Menurut Bapak Kardinal, istilah lingkungan /
kring mulai dikenal pada tahun 1934. Pada waktu itu ada pertemuan di paroki
Bintara – Yogyakarta, seorang pastor muda (Soegiyo Pranoto) memunculkan istilah
lingkungan. Lingkungan itu pada awalnya bukan struktur organisasi tapi umat
ingin hidup dalam masyarakat supaya merasakan kegembiraan dan harapan dengan
masyarakat. Gereja Paroki Bintara-Yogyakarta merupakan cerminan Gereja pribumi,
sedangkan Gereja Kidulloji merupakan cerminan Gereja untuk orang-orang berkulit
putih.
Tahun 1974 muncul sebuah tulisan dengan
judul: “Kring Menuju Gereja Yang Lain.” Tulisan ini ditulis oleh seorang
misionaris untuk mengungkapkan sebuah wajah baru bagi Gereja Indonesia. Gereja
Katolik bertumbuh seperti saat ini karena didukung oleh lingkungan. Sejarah ini
meyakinkan kita bahwa meskipun tantangan ini tambah kompleks, Gereja kita
bertumbuh dan berkembang secara baik karena adanya peran aktif dari para awam.
Gereja Katolik di wilayah Keuskupan Agung Jakarta berkembang secara baik karena
adanya peranan dari lingkungan.
Lahirnya
Gereja
Kalau
membaca Kitab Suci bahwa sebelum turunnya Roh Kudus, para rasul mengalami
kebingungan, cemas dan lumpuh imannya. Kita bisa jumpai kekecewaan dua murid
Yesus bernada kecewa saat melakukan perjalanan ke Emaus. Sedangkan di dalam
Injil Yohanes, mengisahkan tentang murid-murid yang berkumpul dalam ruang tertutup dan terkunci. Lebih
lanjut Injil Yohanes mengisahkan tentang penampakan Yesus dan menyapa
murid-murid: “Damai sejahtera bagi kamu.” Setelah Roh Kudus turun, Petrus
berkhotbah berapi-api dan tidak takut lagi untuk mewartakan kebangkitan Kristus
kepada semua orang. Tidak lama kemudian, Jemaat di Yerusalem mengalami
penganiayaan. Apa yang mereka lakukan? Para Jemaat berpasrah diri sambil
memohon Tuhan untuk memberikan kekuatan dan keberanian dalam menghadapi ancaman
itu. “Berikan kami keberanian untuk mewartakan Firman.” Doa sederhana ini
mengungkapkan watak dari komunitas iman di Yerusalem.

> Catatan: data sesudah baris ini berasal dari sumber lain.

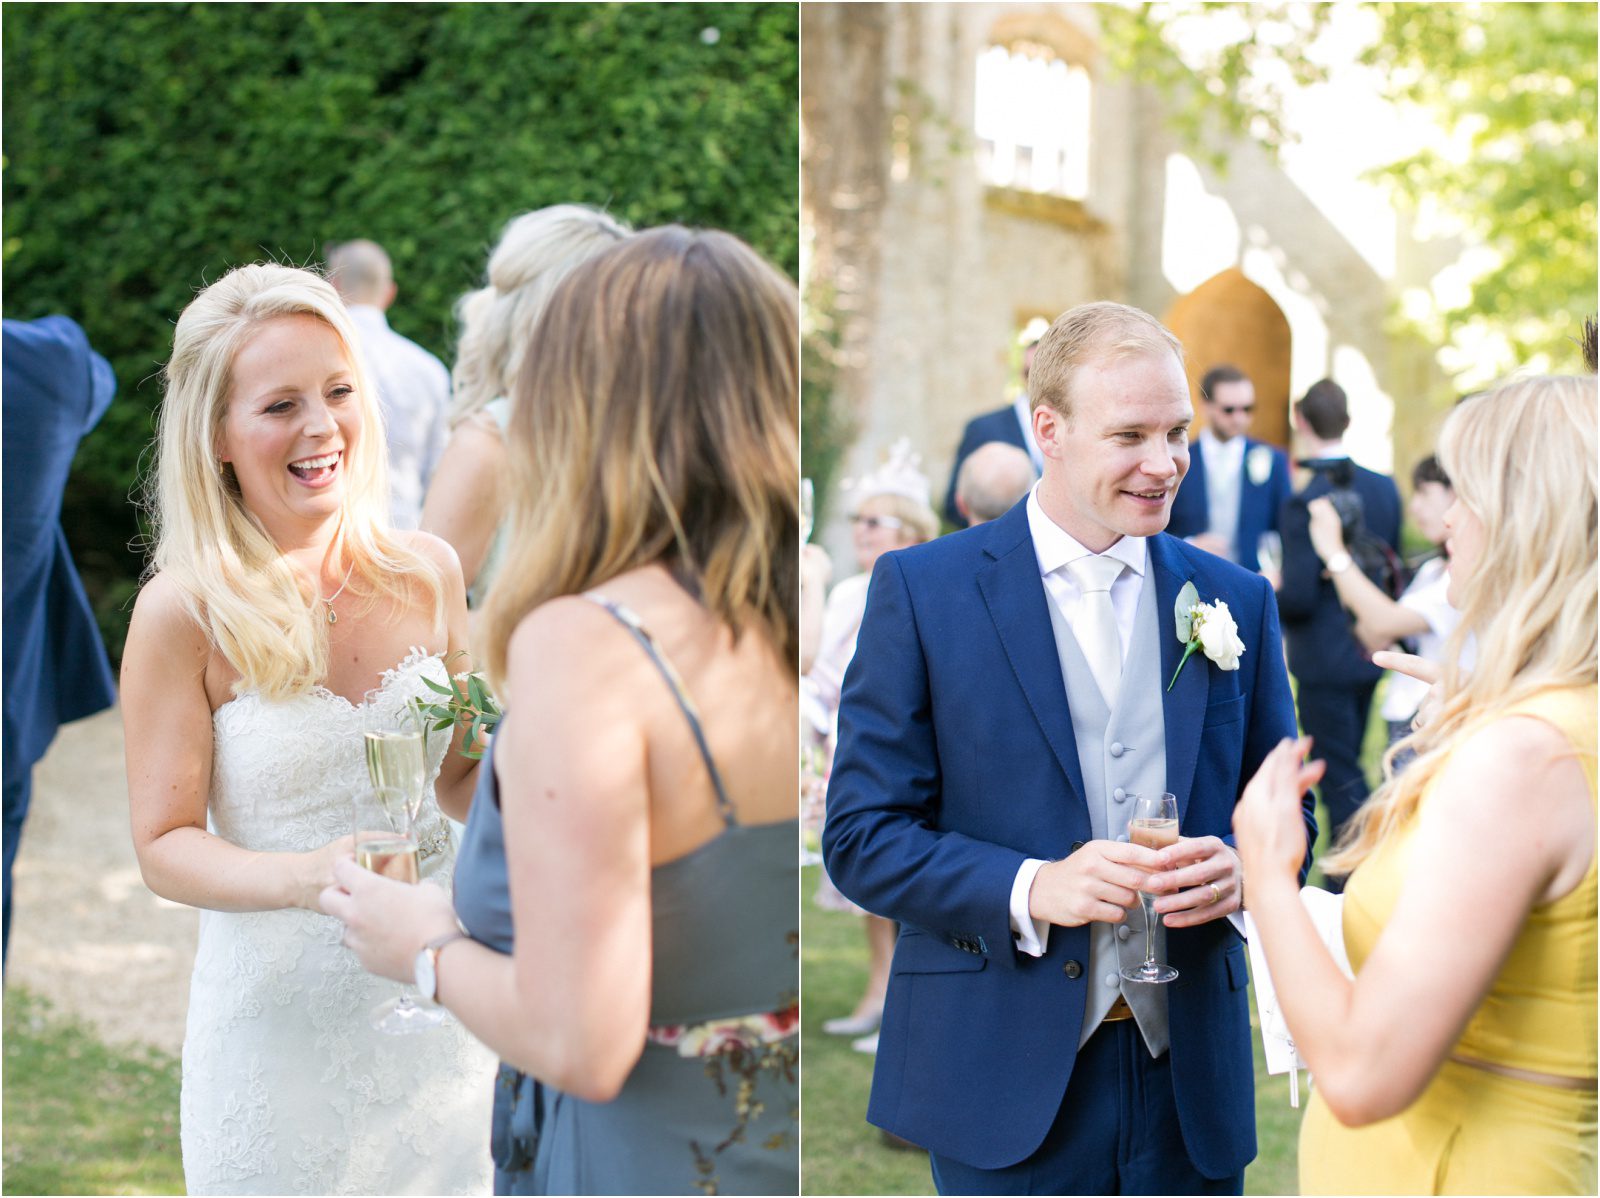 Wedding photography at Sudeley Castle & Gardens

Dalam Kisah Para Rasul 5: 41, dikisahkan
bahwa para rasul diadili tetapi ketika mereka meninggalkan ruang pengadilan,
mereka mengalami kegembiraan karena dianggap layak dihinakan karena Yesus.
Mereka gembira karena menjadi murid Kristus. Karena terjadi penganiayaan di
Yerusalem, para pengikut Yesus berlari ke wilayah Samaria. Ketika tahu bahwa
Jemaat ada di Yerusalem, maka Petrus dan Yohanes diutus ke sana. Ada juga yang
lari lebih jauh, yakni di Antiokhia yang
waktu itu menjadi ibu kota kekaiseran Romawi. Siapakah yang diutus ke Antiokhia?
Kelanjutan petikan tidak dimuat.